Media Law in Other Jurisdictions
In the Supreme Court of New South Wales, Simpson J gave judgment for the plaintiff in Rastogi v Nolan  NSWSC 735 awarding damages of Aus$65,000 and an injunction restraining the defendant from publishing any statements concerning the plaintiff to the effect that he is reckless, negligent or dishonest in his profession as a cosmetic surgeon.
In Chetwynd v Armidale Dumaresq Council  NSWSC 690 the defendant Council won a defamation action brought by its former mayor. In a 332 paragraph judgment James J upheld the majority of defences pleaded – truth, comment and qualified privilege – both statutory and common law and the claim was dismissed.
In Abdullah Ahmadi v Fairfax Media Publications Pty Ltd Rothman J ordered the defendant to pay the plaintiff US$7,500 damages in respect of an allegation that he was a people smuggler. But the degree to which his reputation had been damaged was “extremely limited” on account of the extortion claims which had been proved in an earlier criminal trial. There is a news report in the Australian.
In Supreme Auto Group Inc. v. Toronto (Police Services Board), 2010 ONSC 3803 the court dismissed defamation claims against the police arising from a press conference on the basis that the words bore no defamatory meaning.

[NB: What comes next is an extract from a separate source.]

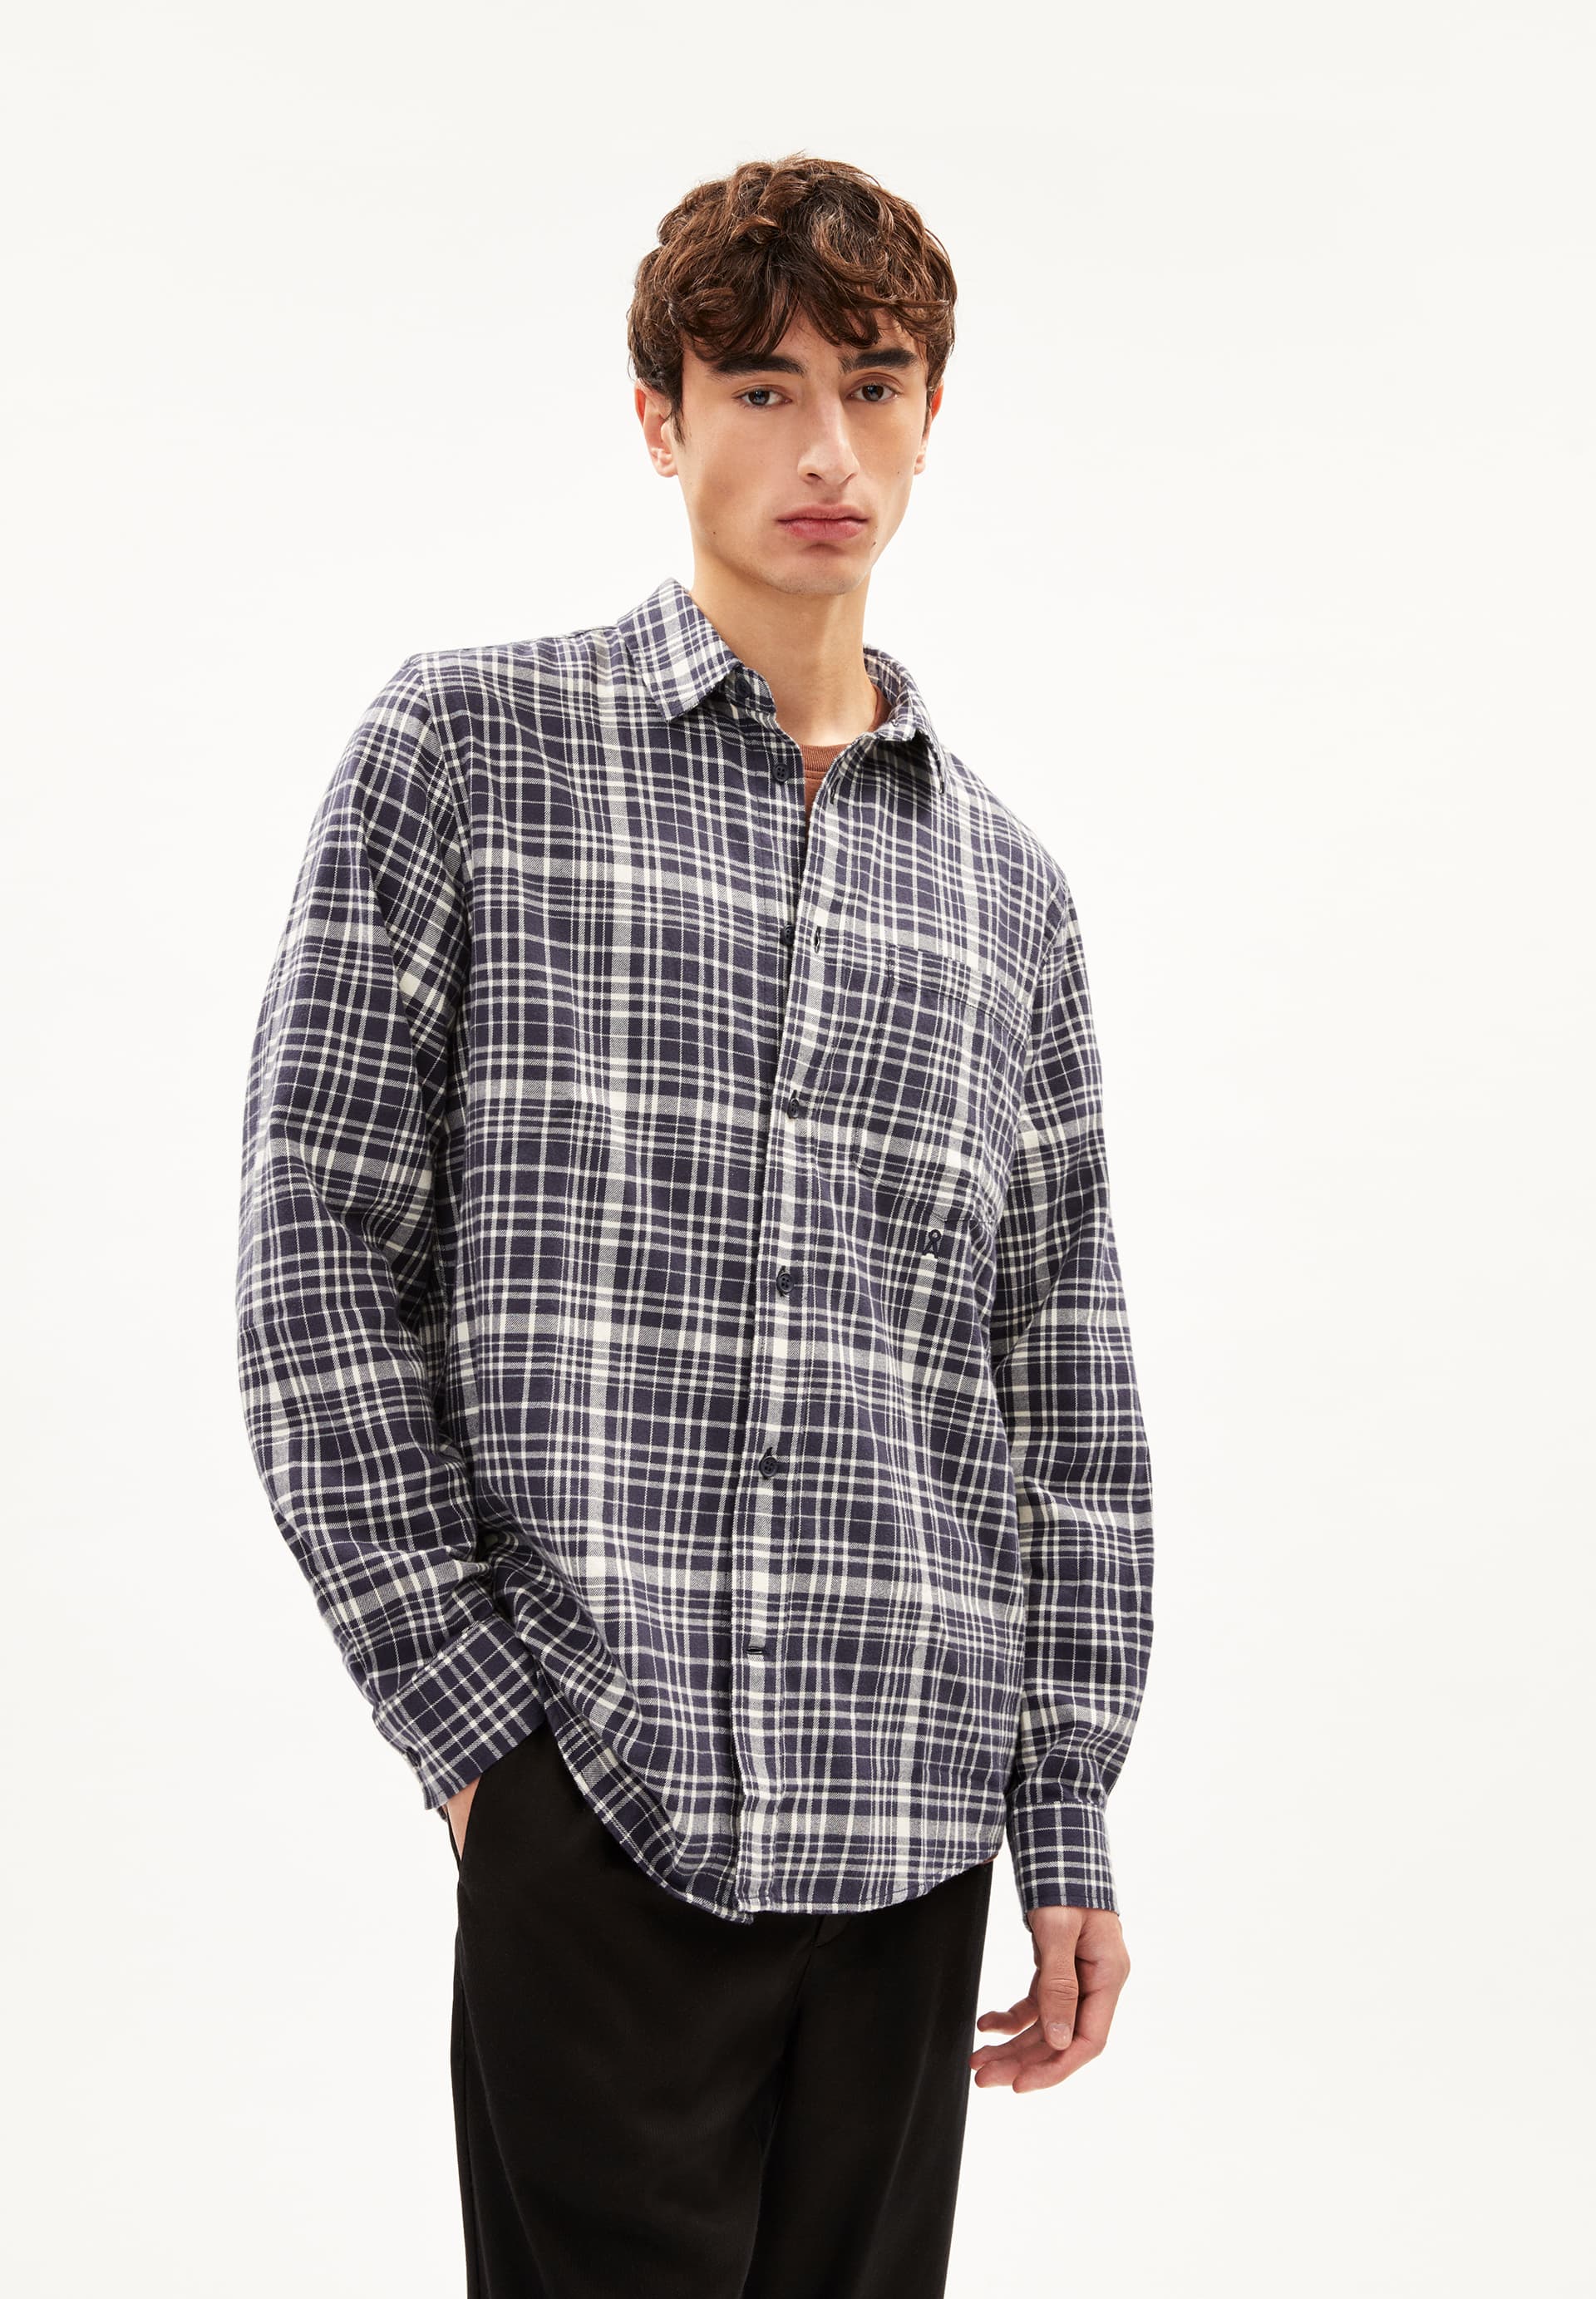 AARSENIO Flannel Shirt Relaxed Fit made of Organic Cotton

In the case of Trustco International v Shikongo (Judgment of 7 July 2010), the Supreme Court of Namibia reduced the record defamation judgement of N$175 000 in favour of Windhoek Mayor Matheus Shikongo against the Informanté weekly tabloid, its editor and its printer to N$100 000. This important case is the subject of an earlier post.
US Law and Media News
Once again, this will be the subject of a separate post.
On 15 July 2010 there will be an Inforrm/MBL Seminar on Lord Lester’s Defamation Bill (see our post here)
Next Week in the Courts
On 12 July 2010 Mr Justice Stadlen continues the hearing of the application to strike out in the case of Kaschke v Gray, which is discussed above.
Judgment in the case of Flood v Times Newspapers Limited, which was heard on 25 and 26 May 2010 by the Master of the Rolls, Moore-Bick and Moses LJJ will be given on 13 July 2010.
The following reserved judgments in media and related cases remain outstanding:
Imerman v Tchenguiz (and linked appeals), heard 10 to 11 May 2010 (Master of the Rolls, Moses and Munby LJJ)
Ambrosiadou v Coward, heard 21, 22 June and 8 July 2010 (Eady J)
Clift v Slough BC heard 23 and 24 June 2010 (Ward, Thomas and Richards LJJ).